# Houston Monthly Herf # 9 pics (1)



## tx_tuff (Jun 16, 2007)

This month was vegasgirl's month to host. She wanted to try a new location that we haven't herfed at before. Its a BBQ place with a huge outdoor patio and a lounge called Paddy's in Katy. Some of us meet there early at 5 and ate before heading outside where they had some live music. The rest showed up later and we all had a fine time drinking and smoking it up! The only draw back was the place closes at 11 (they are new and I'm sure this will change) but that didn't stop us, we ended the night at Robusto's. Great time was had by all!


----------



## karmaz00 (Dec 5, 2007)

nice pics.


----------



## Jason Brown (Nov 21, 2007)

Very nice....Looks like a good time was had by everyone.


----------



## Paint (Mar 1, 2008)

Looks like a great time and great friends.weather looks to be perfect there.


----------



## Ecto1 (Jan 26, 2008)

:redface:It was a bit chilly about 68.:redface:


----------



## Stogie (Feb 13, 2007)

It was great fun and the place was outstanding. Thanks for setting it up.


----------



## boomerd35 (Apr 24, 2007)

It was a perfect night. The weather, the restaurant, the people, and the smokes were all outstanding that night.


----------



## patefengreen (Sep 27, 2007)

Yeah, thanks for setting this one up VegasGirl! We really had a great time. It seems like every herf I get to chat with someone different which is kinda nice. Glad Diana (Mrs. Stogie) was able to make it out to this one. We enjoyed it like always! Thanks for the pix, TxTuff!


----------



## Darren's Godiva (Jul 16, 2007)

I concur...the weather was so nice. We had a great time.


----------



## Ecto1 (Jan 26, 2008)

The social aspect of smoking can not be understated. If not for the friends and conversation I would smoke far less and live a lot longer.


----------



## mjohnsoniii (Sep 9, 2007)

looks like good times. i think we need a Robustos in Cen-Tex


----------



## Darren's Godiva (Jul 16, 2007)

Ecto1 said:


> The social aspect of smoking can not be understated. If not for the friends and conversation I would smoke far less and live a lot longer.
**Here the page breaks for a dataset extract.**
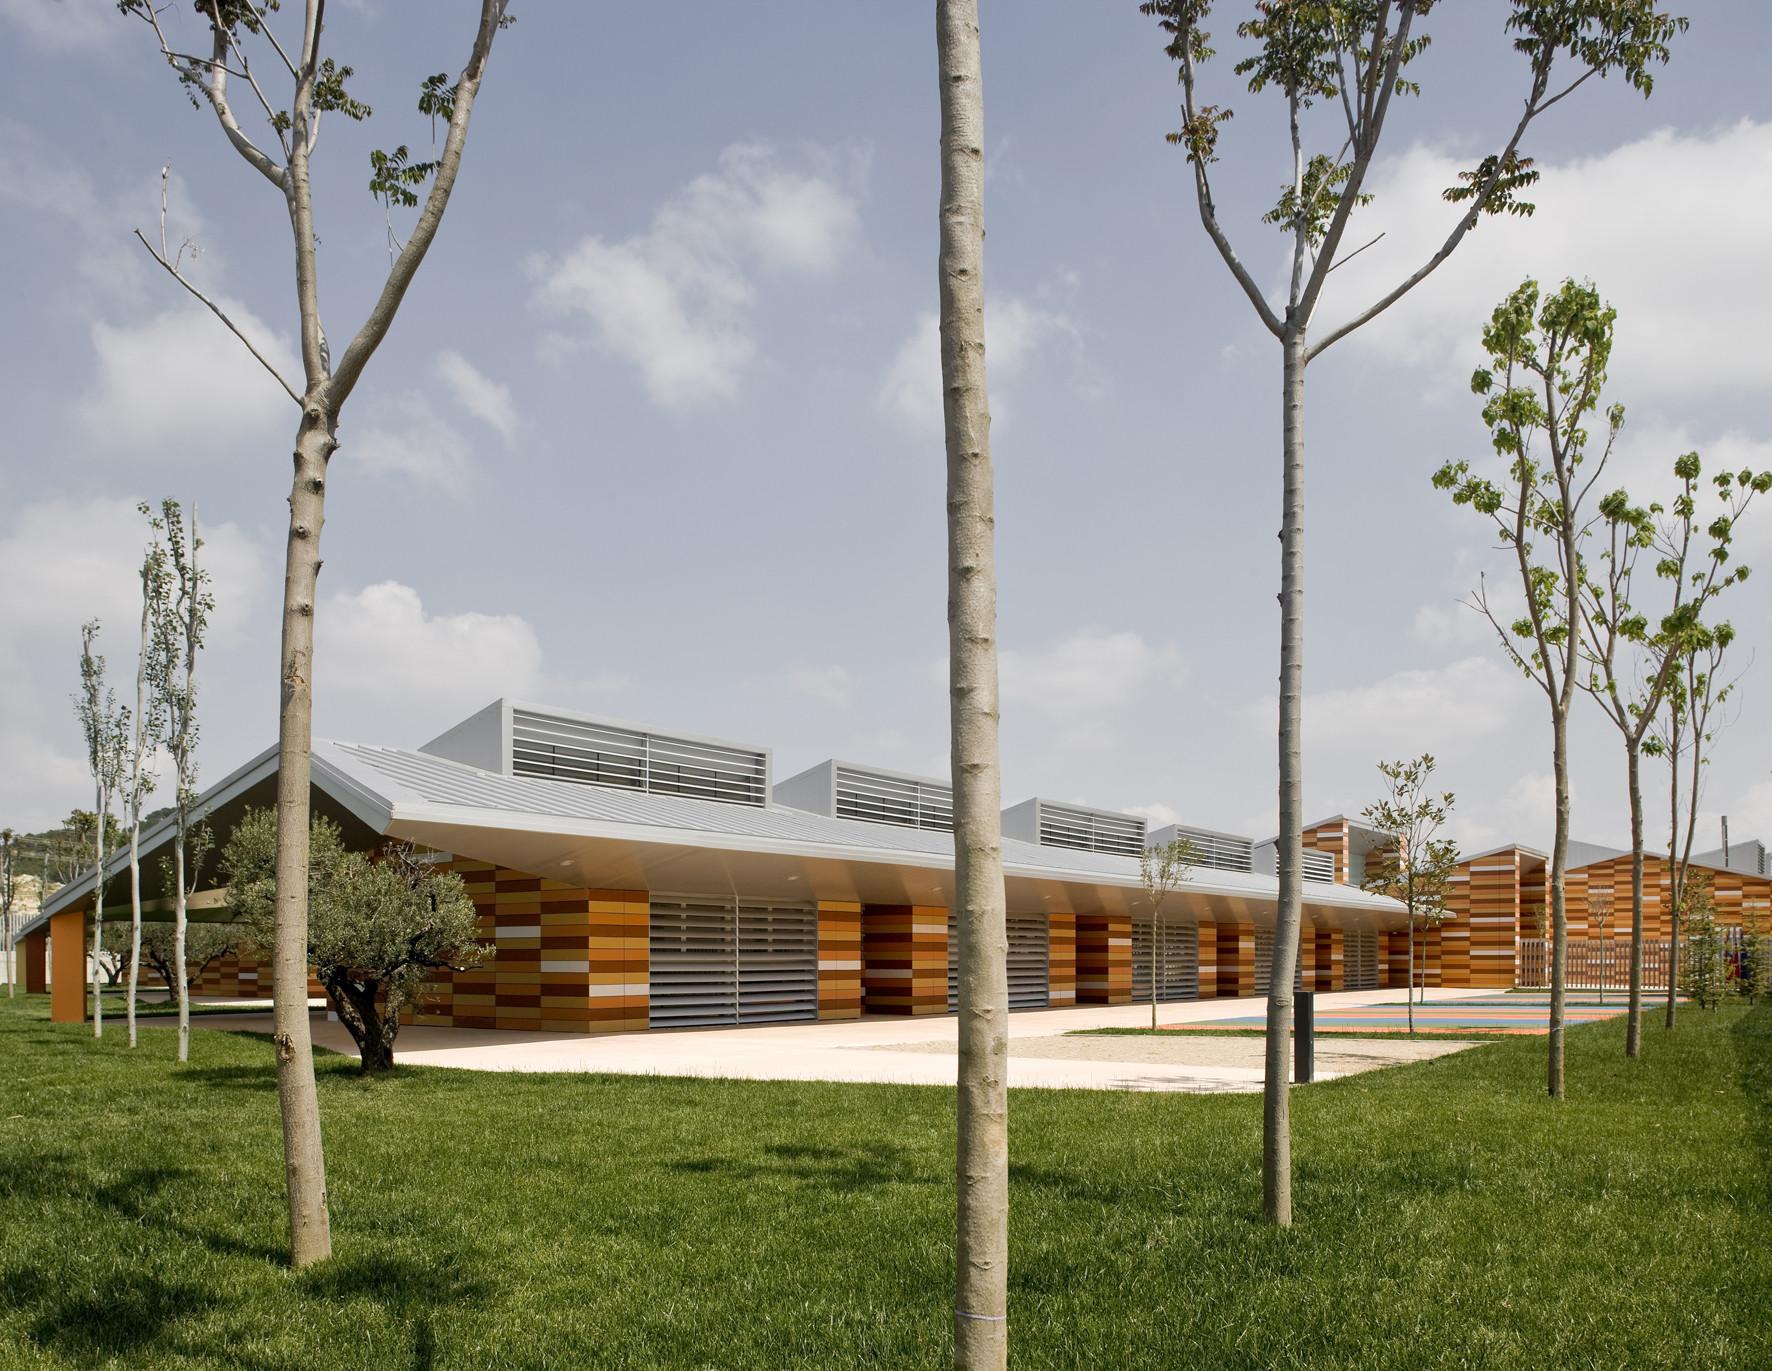 Parque Goya Kindergarten / Magén Arquitectos, © Pedro Pegenaute

but then life would not be worth living.


----------



## m69c44 (Nov 5, 2007)

Looks like you -all had a great time. Thanks for sharing


----------



## LkyLindy (Feb 1, 2008)

Now thats what I'm talking about


----------



## terrasco-cl (Mar 4, 2007)

Man!

... Still trying to convince the wife we need to move to Houston!


----------